*PROBLEM*
Return all the data below as it stands, minus the pictures.

*DATA SECTION*
•••
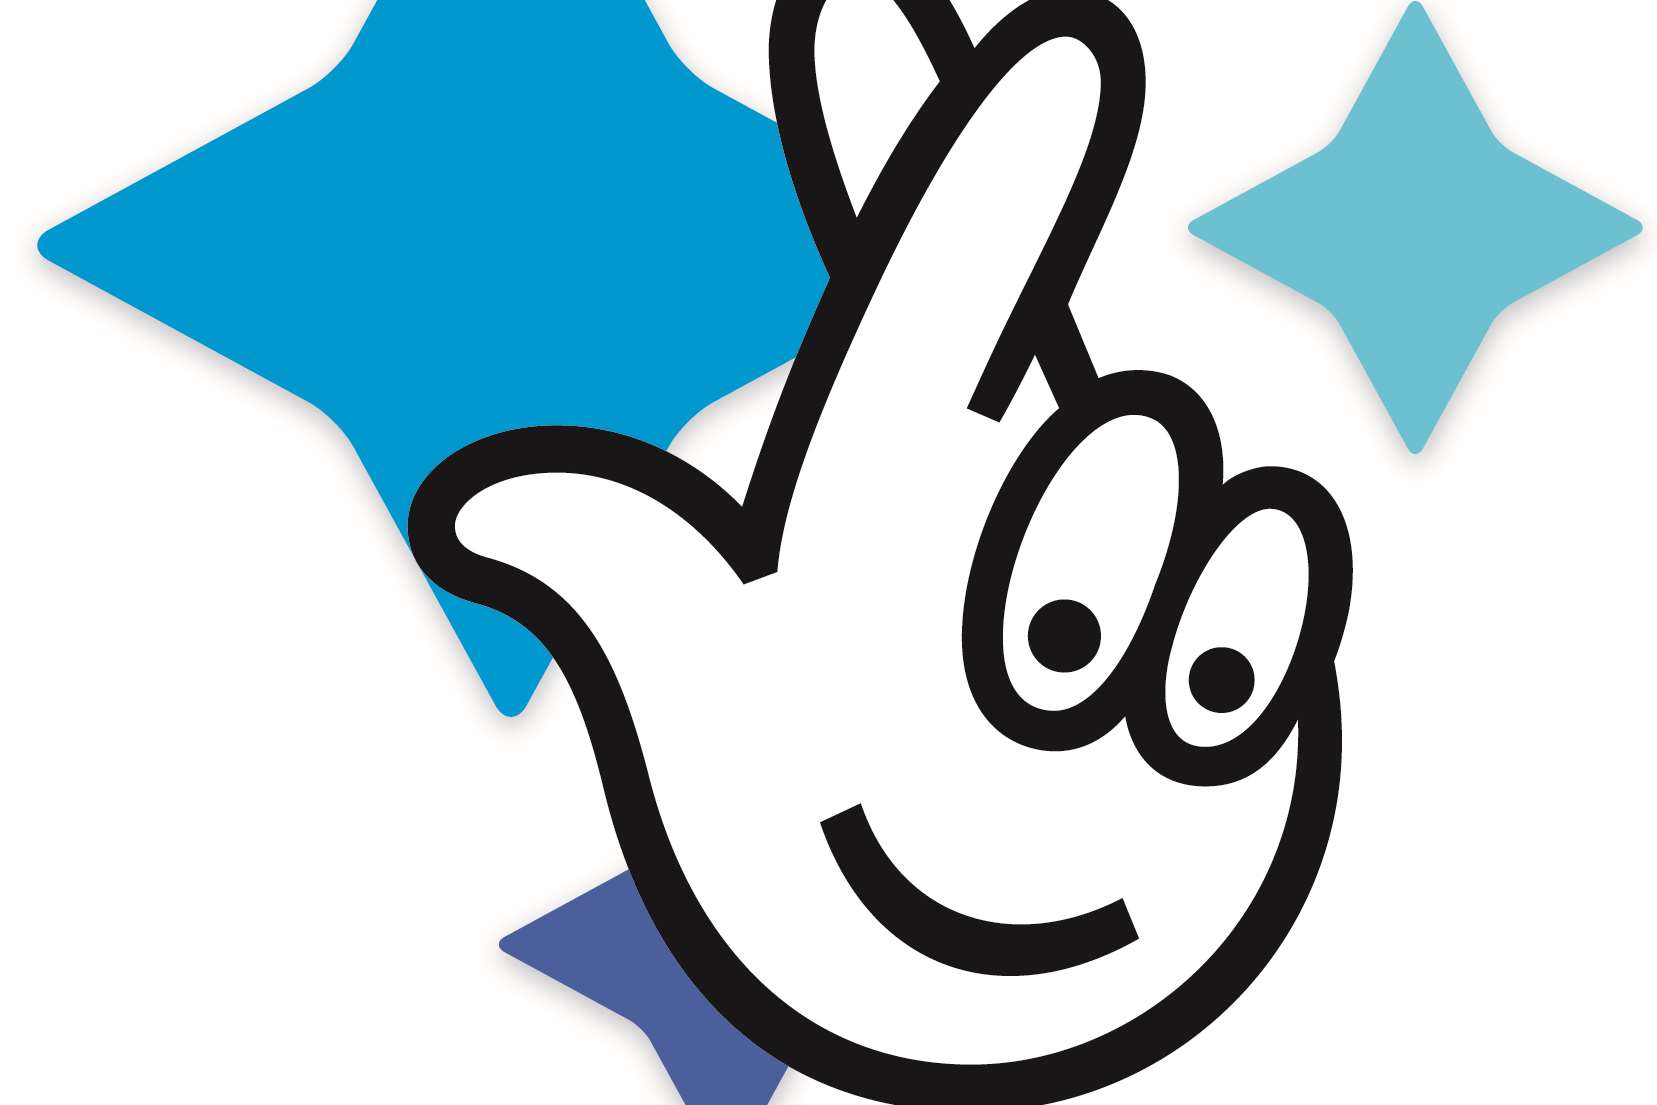 National Lottery logo. Image courtesy of The National Lottery
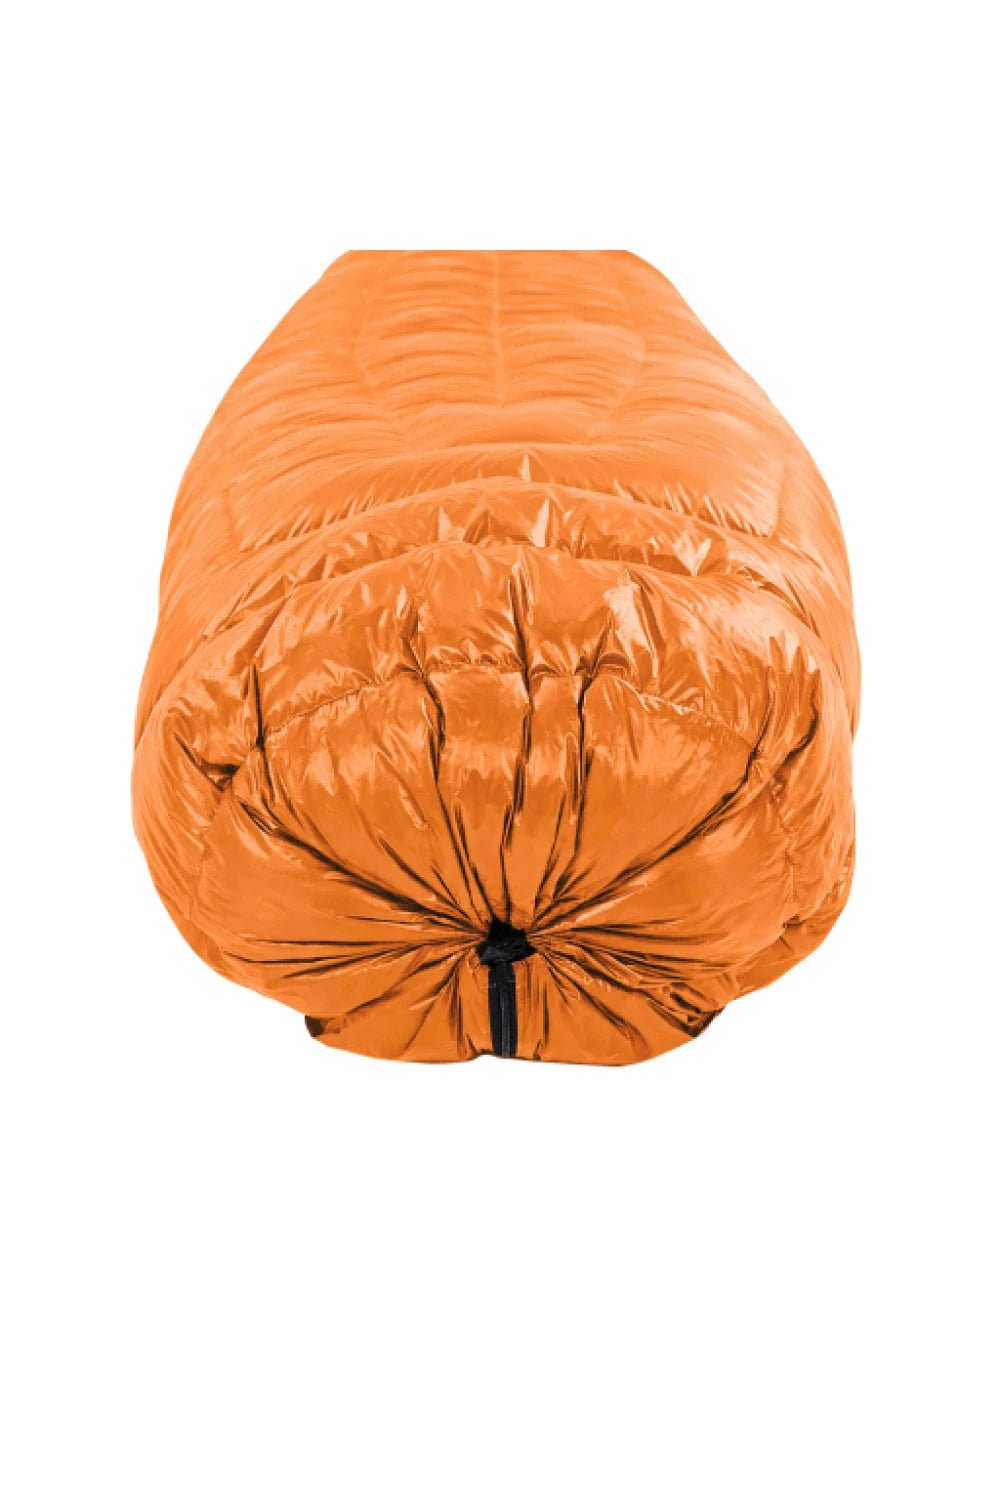 Enlightened Equipment Revelation Quilt 950 Fill Down - Orange / Charcoal | Coffee Outdoors
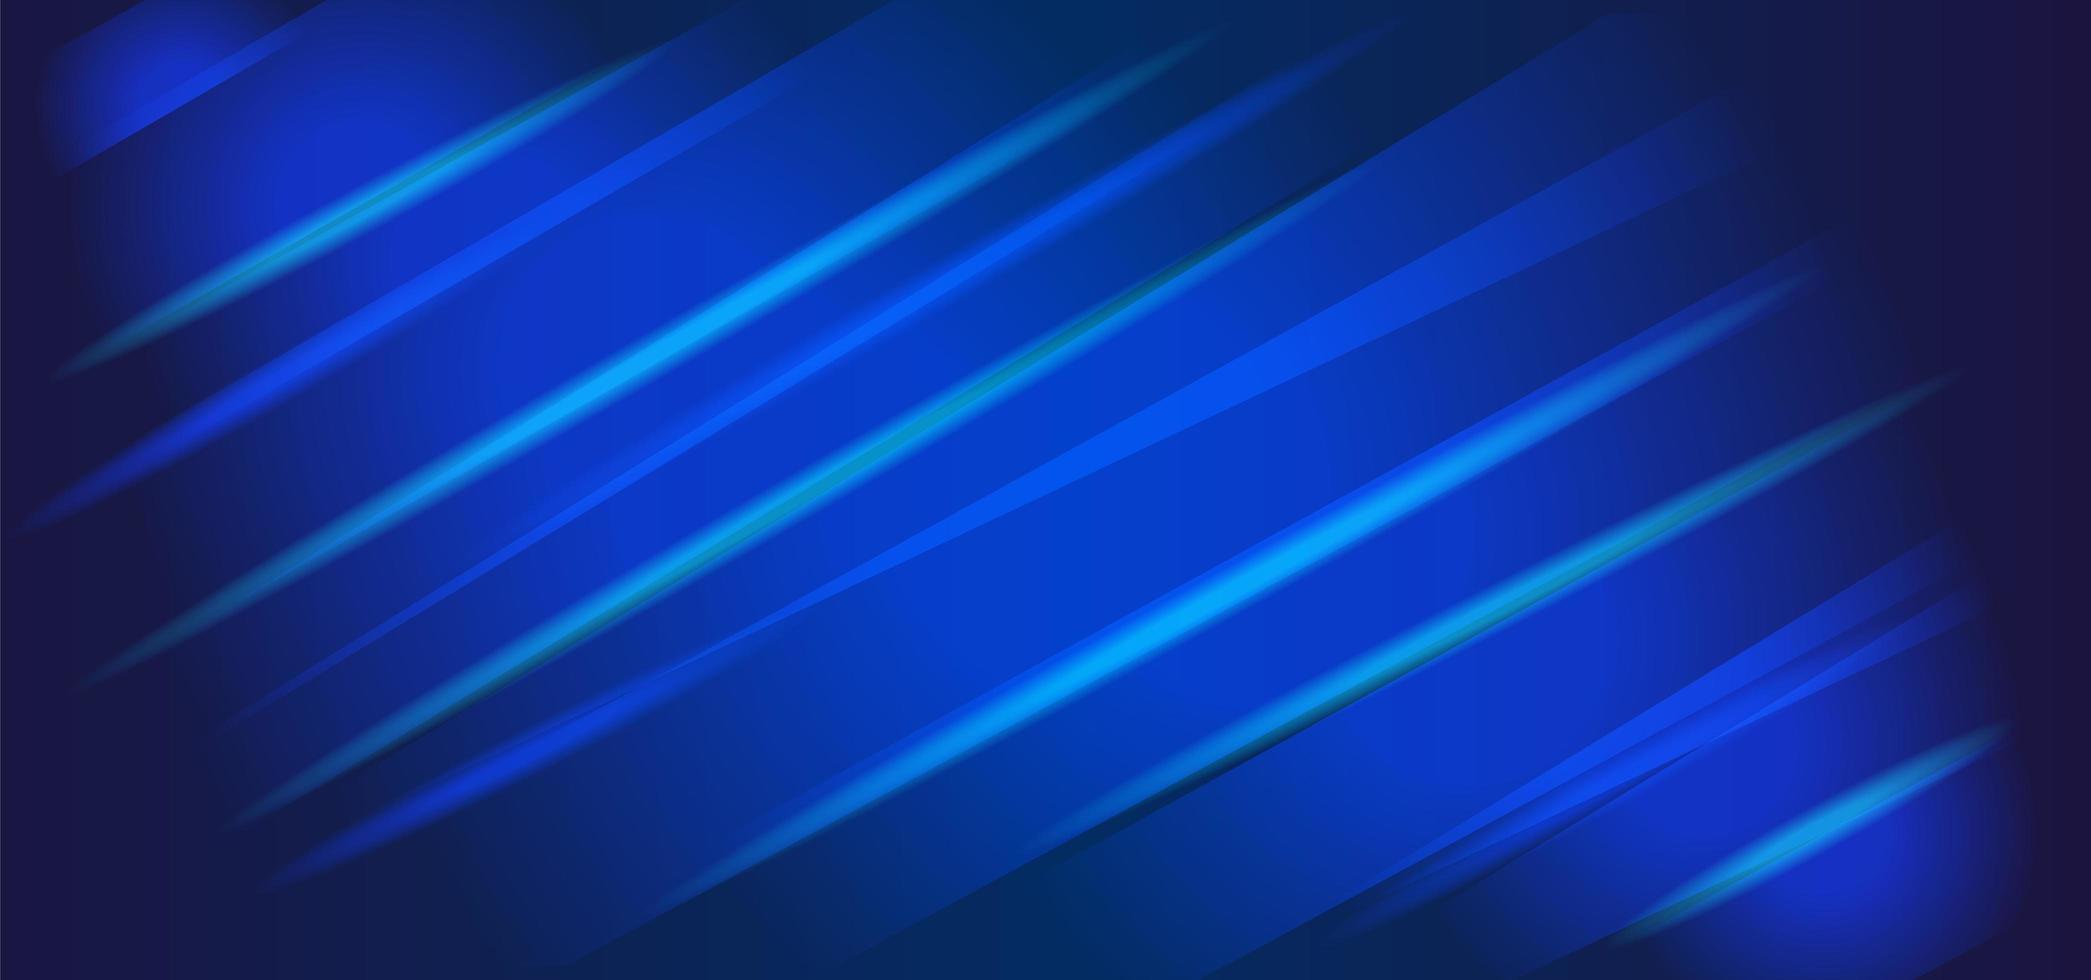 Glowing abstract blue line art design Download Free
•••
*ANSWER SPACE*
 National Lottery logo. Image courtesy of The National Lottery
 Enlightened Equipment Revelation Quilt 950 Fill Down - Orange / Charcoal | Coffee Outdoors
 Glowing abstract blue line art design Download Free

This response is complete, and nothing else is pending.